EXERCISE. Make an exact copy of all the data, pictures excluded.

[[ MATERIAL PROVIDED open ]]

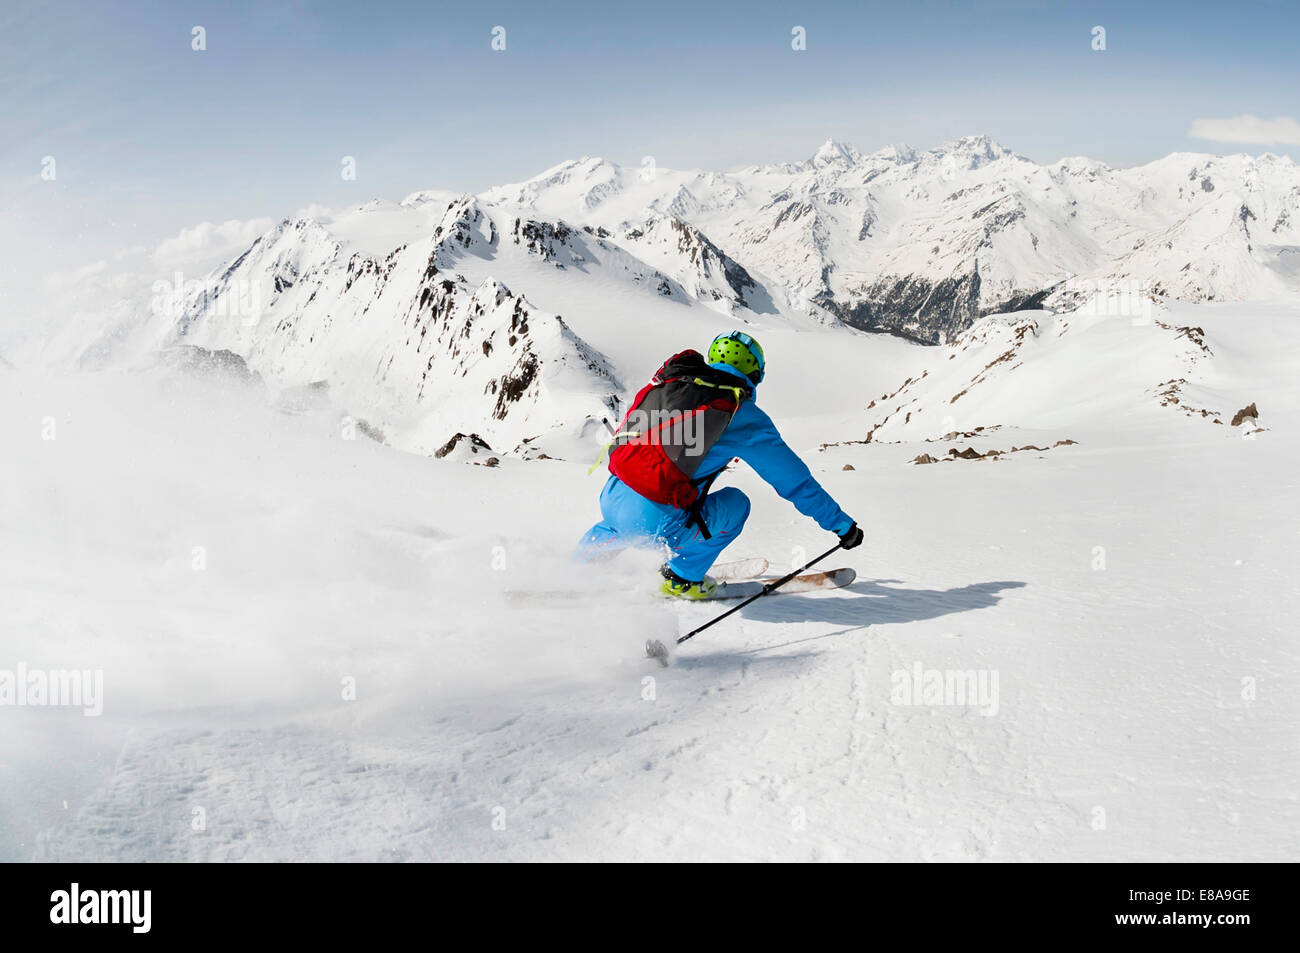 Man skier skiing downhill steep slope mountains Stock Photo
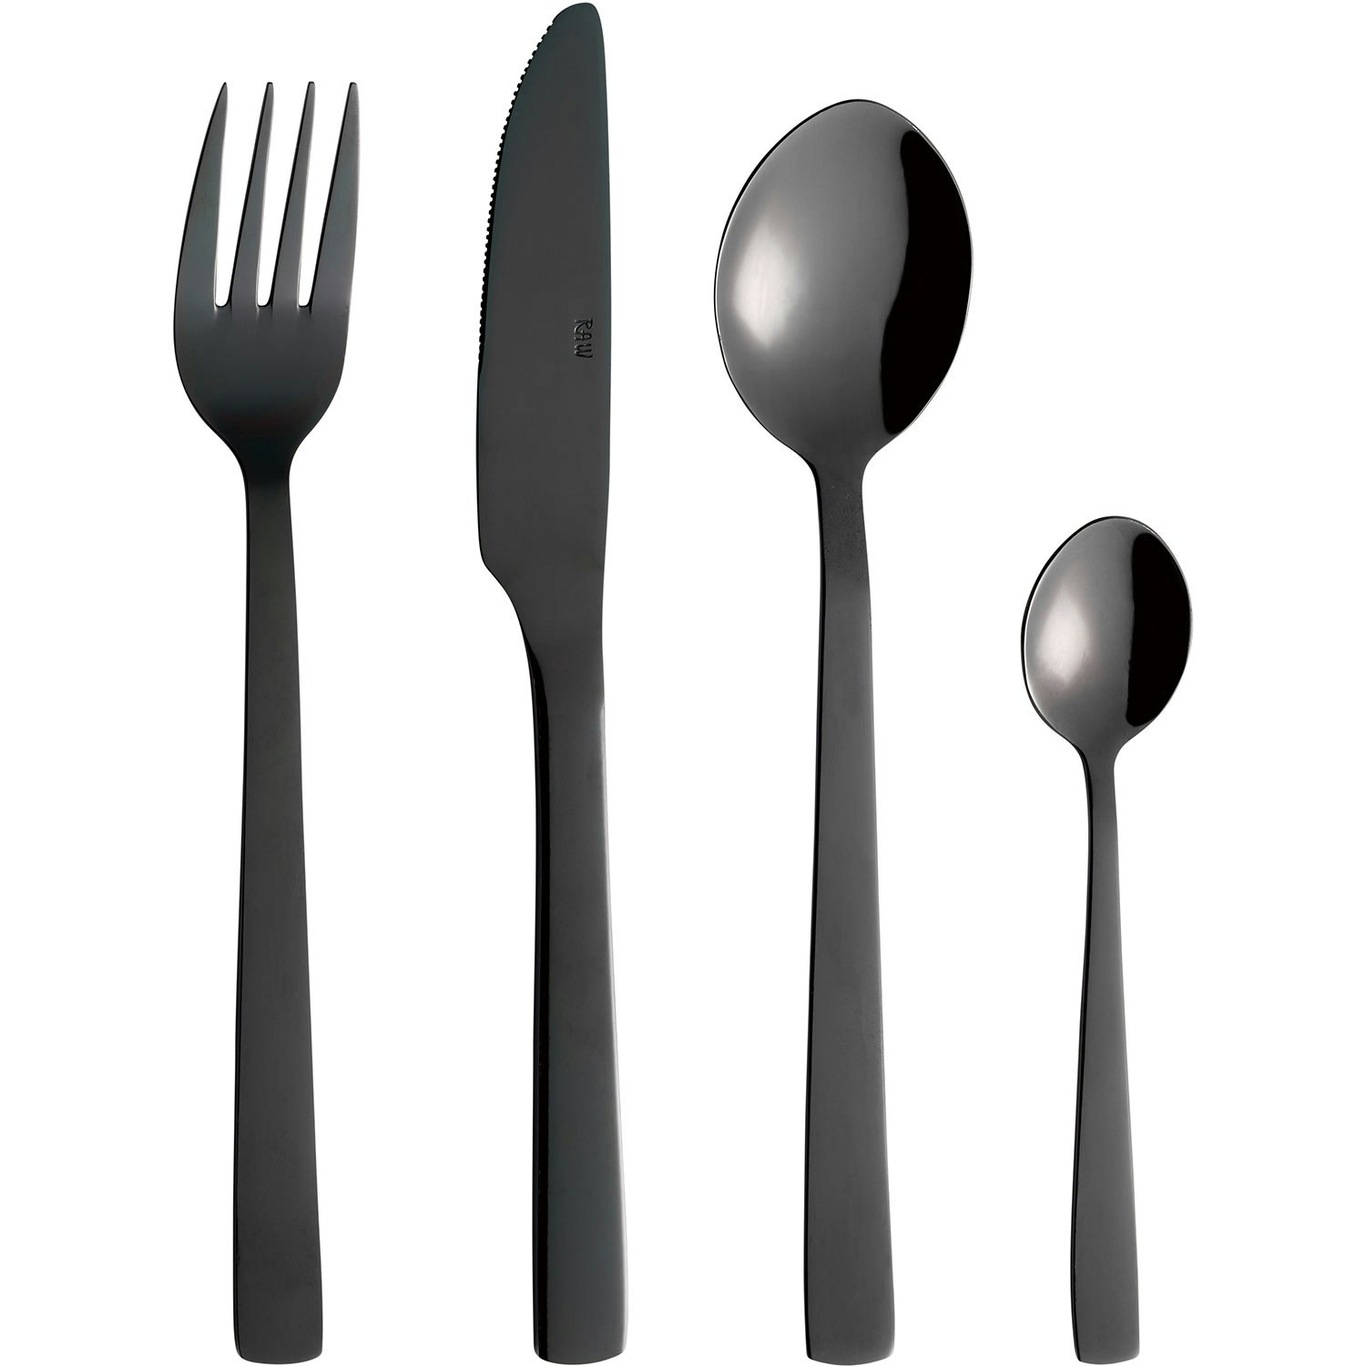 Raw Cutlery Set 24-pack, Black
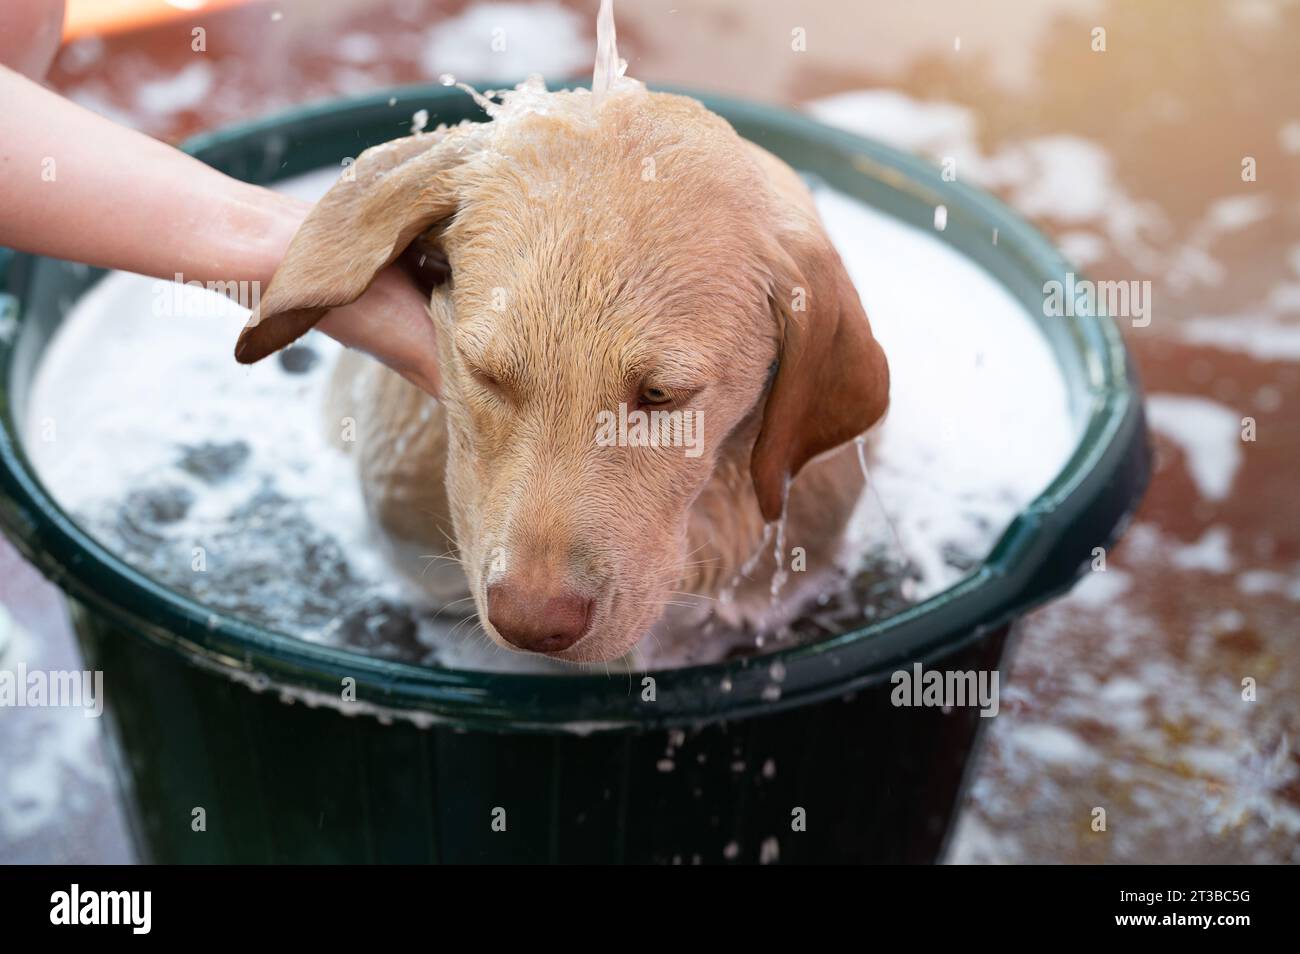 Washing brown labrador dog in foamy bath headshot view Stock Photo

[[ MATERIAL PROVIDED closed ]]

SOLVED PROBLEM.
 Man skier skiing downhill steep slope mountains Stock Photo
 Raw Cutlery Set 24-pack, Black
 Washing brown labrador dog in foamy bath headshot view Stock Photo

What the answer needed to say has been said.